You may think that search engine spammers look pretty much the same as anyone else and that is probably true, unless of course you are a spam detection algorithm.
At last weeks ACM SIGIR conference in the Netherlands an interesting paper was presented with the title “Know your Neighbors: Web Spam Detection using the Web Topology”.
Essentially this describes a spam detection system that uses the link structure of web pages and their content to identify spam.
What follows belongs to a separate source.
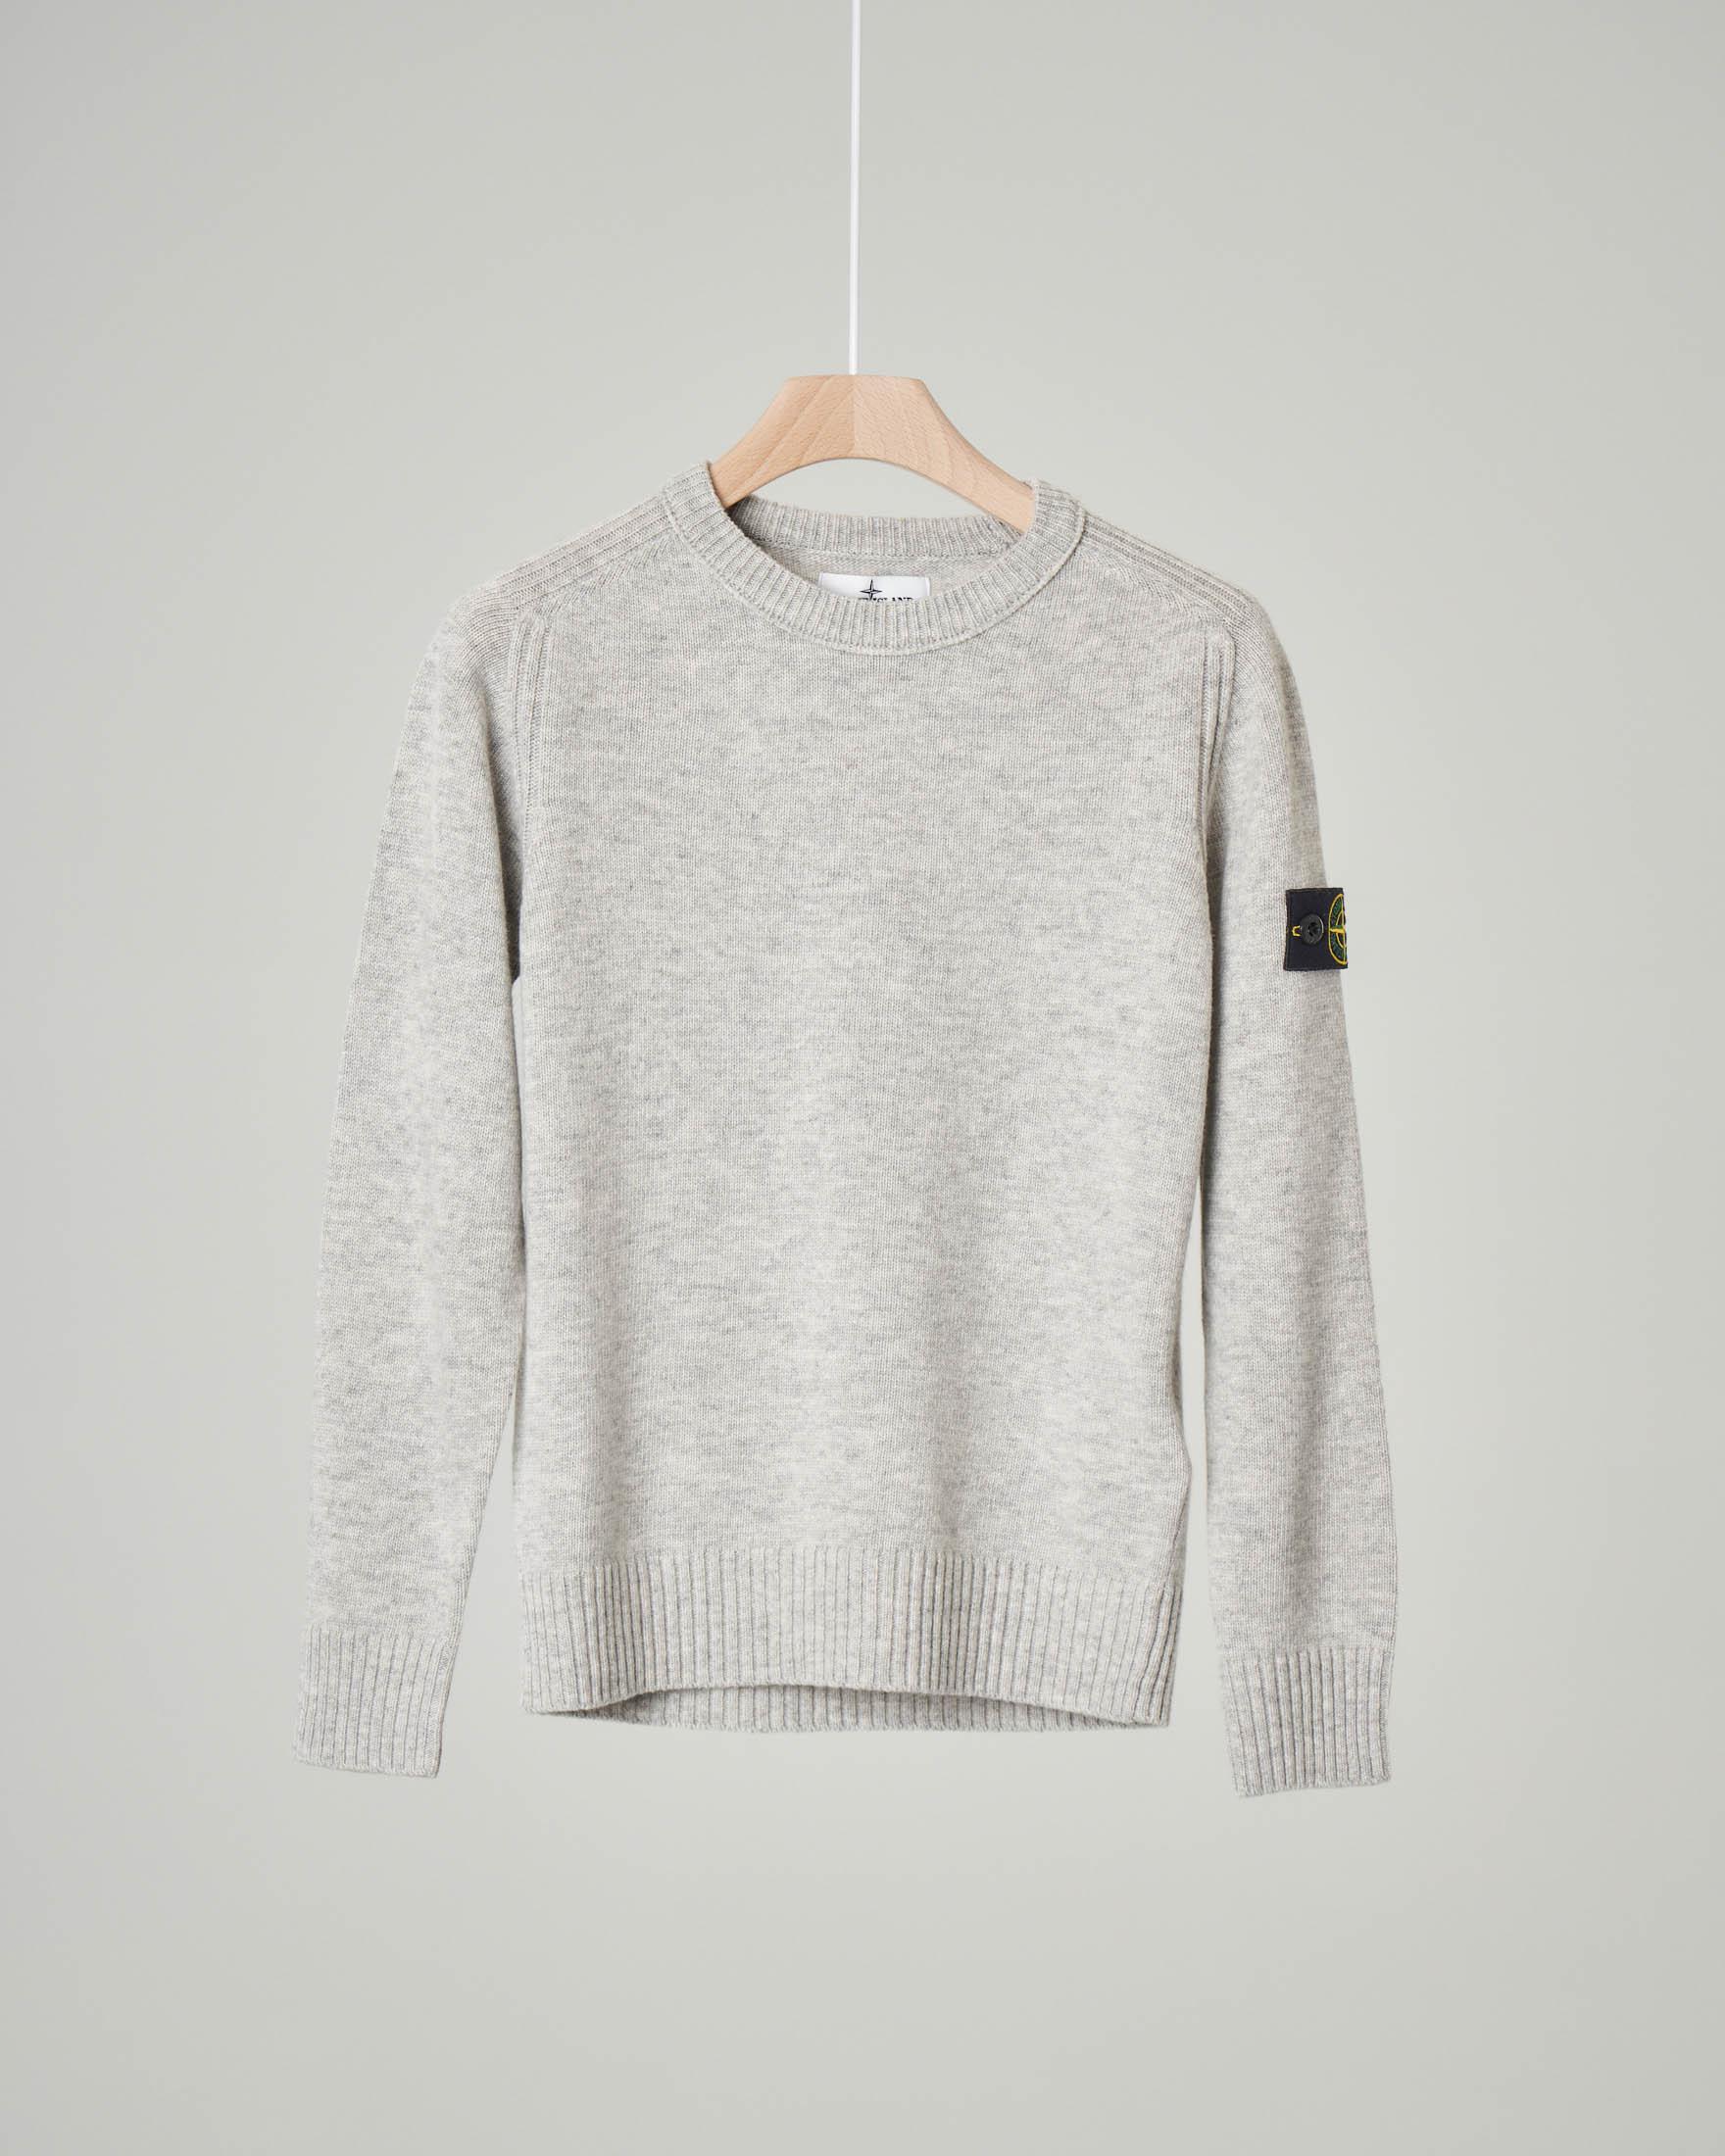 Maglia grigio melange girocollo in misto lana e cachemire 14 anni

Or as the abstract puts it “In this paper we present a spam detection system that uses the topology of the Web graph by exploiting the link dependencies among the Web pages, and the content of the pages themselves.
The following impressive diagram appears in the paper:
This is a graphical depiction (for a very small part of the web) of domains with a connection of over 100 links between them, black nodes are spam and white nodes are non-spam.
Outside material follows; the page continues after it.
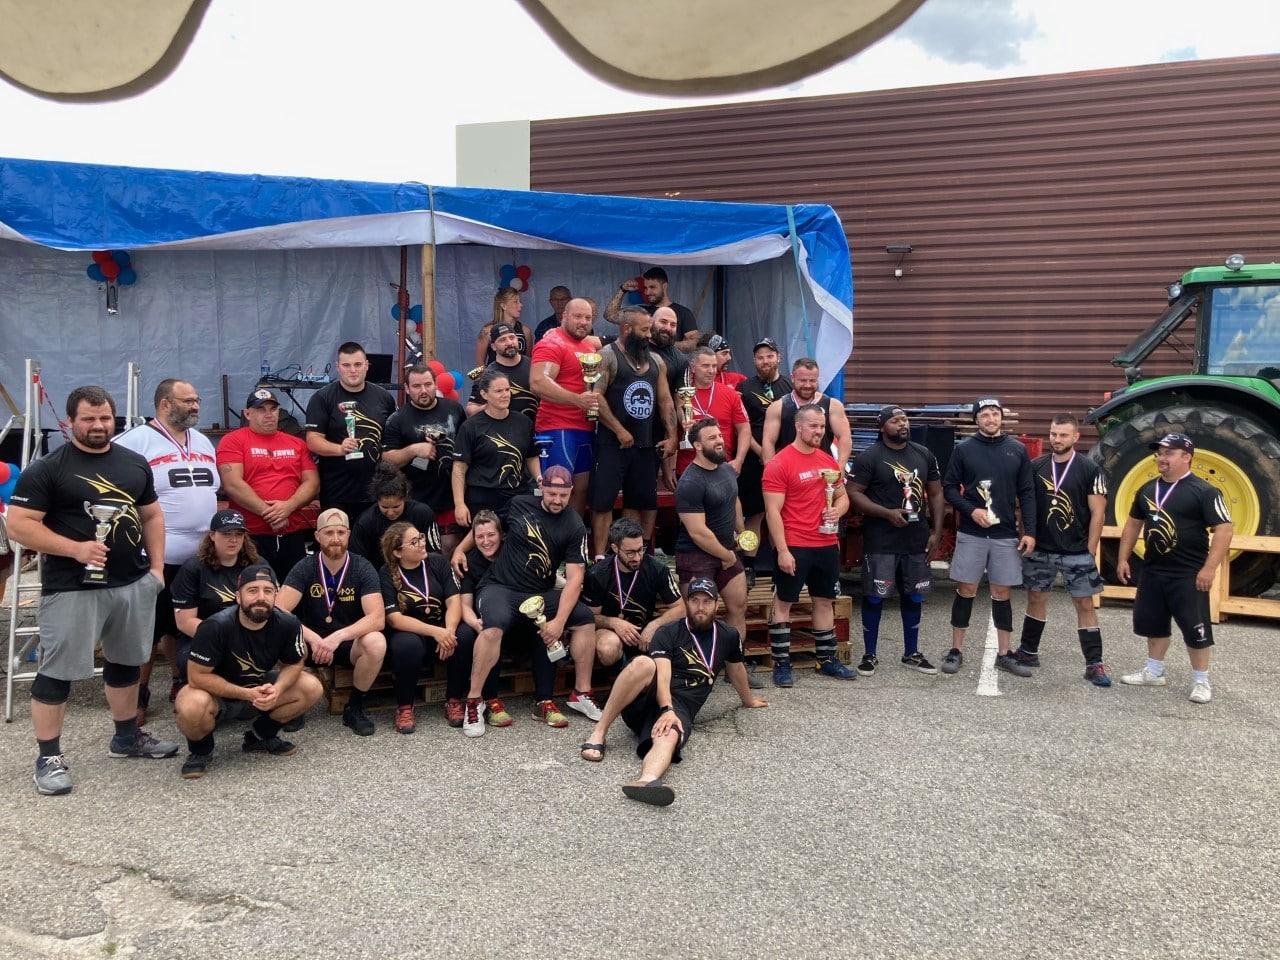 51 athlètes de STROGMAN réunis lors du Championnat de France et du stage sportif ISOstéo Lyon

Most of the spammers are clustered together in the upper-right of the center portion and here is a magnified view of that section:
The other domains are either in spam clusters or non-spam clusters. Here is a typical spam cluster and it shows what spammers, who indulge in nepotistic linking, may look like to a spam detection algorithm.
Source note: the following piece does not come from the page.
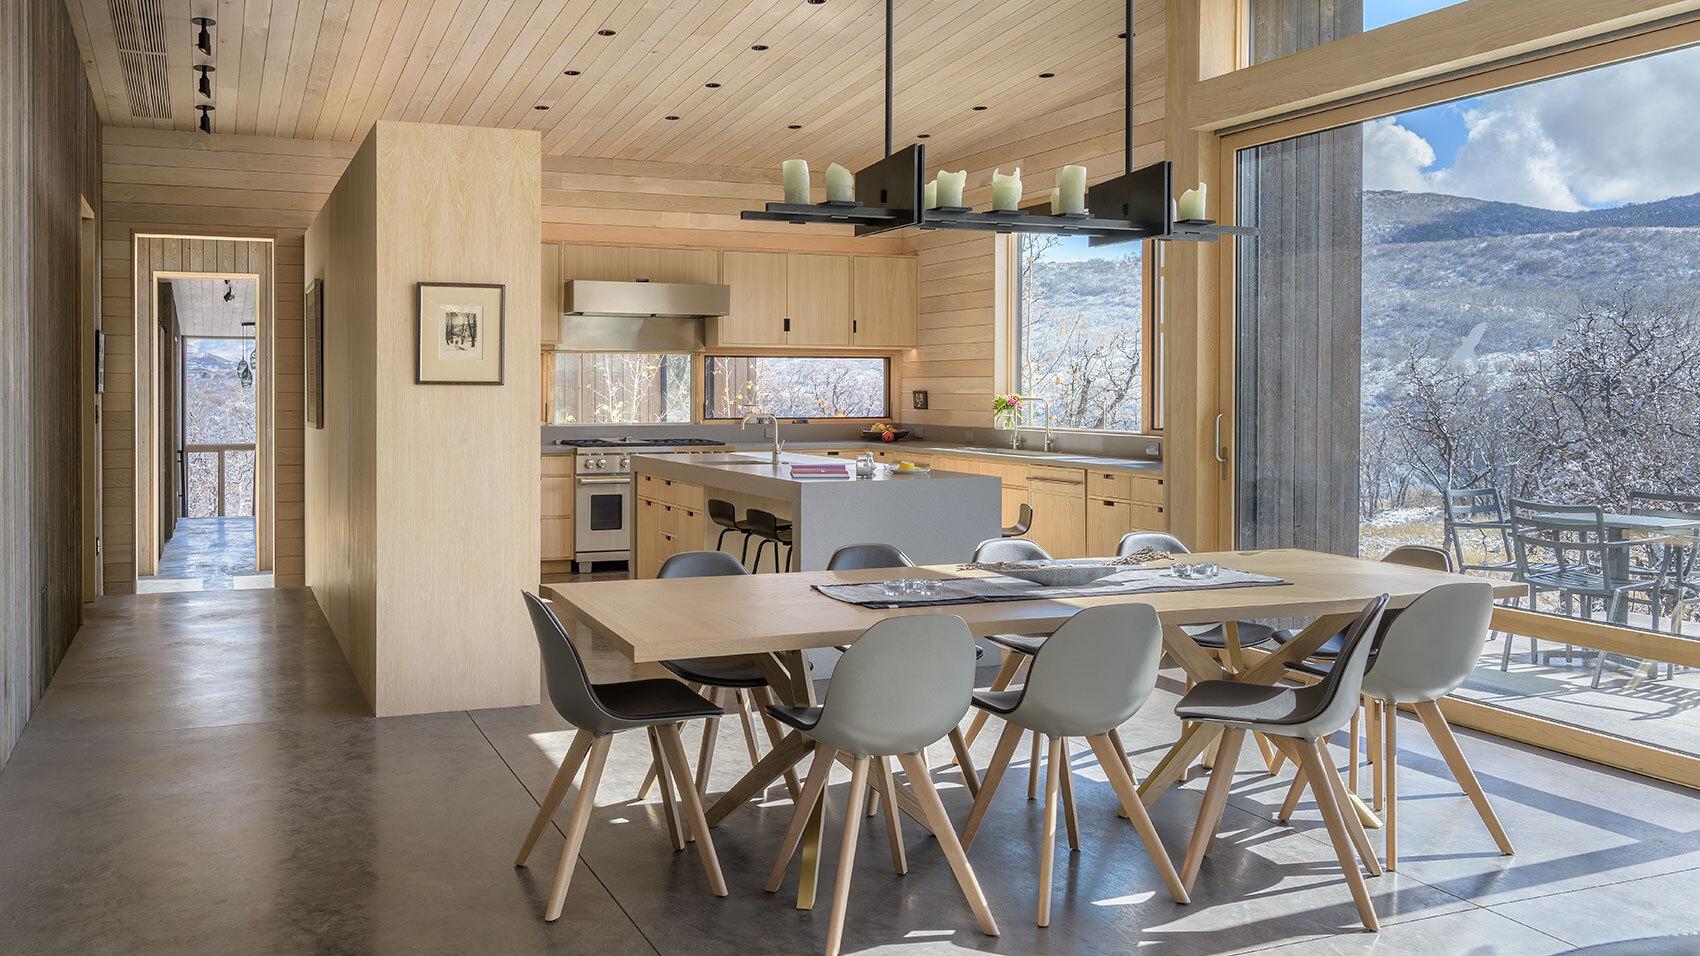 CCY Architects Gammel Damm interior

Of course this is only one line of research into spam detection but you don’t need to be clairvoyant to know that the major search engines have been including similar components in their ranking algorithms for some time. Good search engine optimizers avoid unnatural linking patterns and all site owners are well advised to do the same.
You can read the full paper here: Know your Neighbors: Web Spam Detection using the Web Topology, Carlos Castillo, Debora Donato, Aristides Gionis, Vanessa Murdock and Fabrizio Silvestri, proceedings of SIGIR, ACM Press, July 2007, Amsterdam, Netherlands, 423-430.
There is also a very good lecture by Carlos Castillo that gives an insight into various techniques of spam detection. Recorded at the Workshop: The Future of Web Search, May 19, 2006 Organized by Yahoo! Research Barcelona and the Web Research Group of the Department of Technology, Universitat Pompeu Fabra. You can see the lecture here: Using Rank Propagation and Probabilistic Counting for Link-based Spam Detection.